The pre-election coalition of the SVT/NFP/GVP which had ensured the passage of the 1997 Constitution was virtually wiped out, clearly indicating that the constitution, although acclaimed worldwide, was not acceptable to the people of Fiji. By voting on racial lines, the people of Fiji had made an unequivocal stand:
* that they were not willing to transcend the racial divide; and
* that the 1997 Constitution provided them with the perfect vehicle to vote on racial lines.
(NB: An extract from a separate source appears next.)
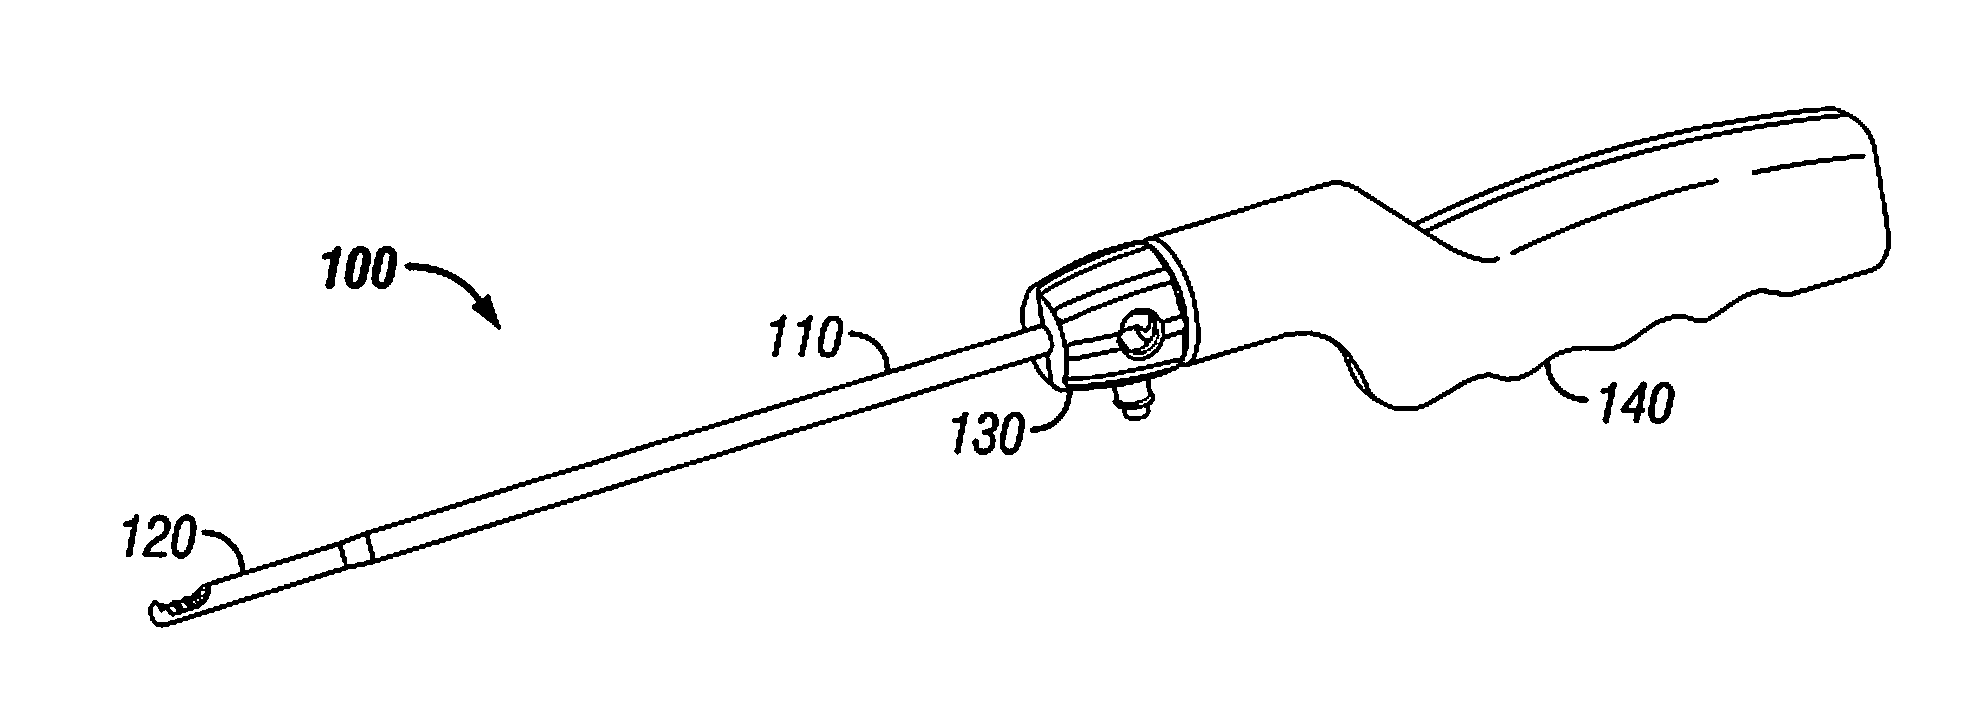 Surgical Disc Removal Tool

Secondly, the Constitutional Commission must consider the needs of the minorities. The minorities cannot be relegated to becoming the "opposition for perpetuity", they need to have their political rights, and equitable say in the running of their country. Therefore, minorities will need to be given proportional representation. Furthermore, there must be provision for guidelines in regard to race relations something that has been long overdue; no government has made any serious effort to improve this through adequate legislation and public education. There is also a need to make provisions for the protection of minorities and their culture.
Thirdly, the new constitution should have the blessing of all the people of Fiji. This means that the new constitution should be accepted through a referendum. The Reeves Commission Report was deliberated and debated by parliamentarians and their parties before it was passed by Parliament. But at no time was there any form of voter consultation organized by any political party: in hindsight, we might consider this to be a serious omission.
In addition, there was never any positive education or awareness programme, at the grassroots level, on the 1997 Constitution. There were translations in Fijian and Hindi for distribution to the populace, but there was no organised education project.
Perhaps the most democratic way, and the ideal, would have been to go for a plebiscite. But the political leaders at the time decided to impose the 1997 Constitution on the people of Fiji without their explicit mandate.
There has been a suggestion that the new constitution would be ratified by a "Constituent Assembly", which would be appointed by government and comprise representatives from NGO's and other segments of society. Given Fiji's current political status, passing the constitution through a "Constituent Assembly" would not be the best option. It could possibly be the worst option. We must learn a lesson from the 1997 constitutional process and put the new constitution to a referendum.
The current government has worked diligently to achieve Prime Minister Bainimarama's vision of a better Fiji, free from ethnic biases. This sincere effort should not be tarnished in any way. A referendum would have the stamp of public acceptance and in future the people and political parties would not have any grounds to question either the intentions or the processes followed in ratifying the new constitution.
The 1997 Constitution which was passed through Parliament, which comprised the elected representatives of the people this gave it the required legitimacy. The new constitution cannot follow this path: therefore, a referendum would be the best option.
The fate of the Great Council of Chiefs has caused much trauma in many quarters; therefore, it would be advisable to consider the history of the GCC. The GCC was not a part of the 1970 Constitution, but it was imposed as a political entity with the adoption of the 1990 Constitution, after the first coup. When the 1997 Constitution was negotiated, it acquired a national status and political clout instead of being a part of the Fijian Affairs Act/Regulation as it had been in the 1970 Constitution. This fact needs to register otherwise there will be an emotional cloud blurring the reality pertaining to this body.
* Swani K. Maharaj is the president of the Business India Council; immediate past-president of the Fiji Chamber of Commerce and Industry; Fellow, Australian Institute of Management. The views expressed are his and not that of this newspaper.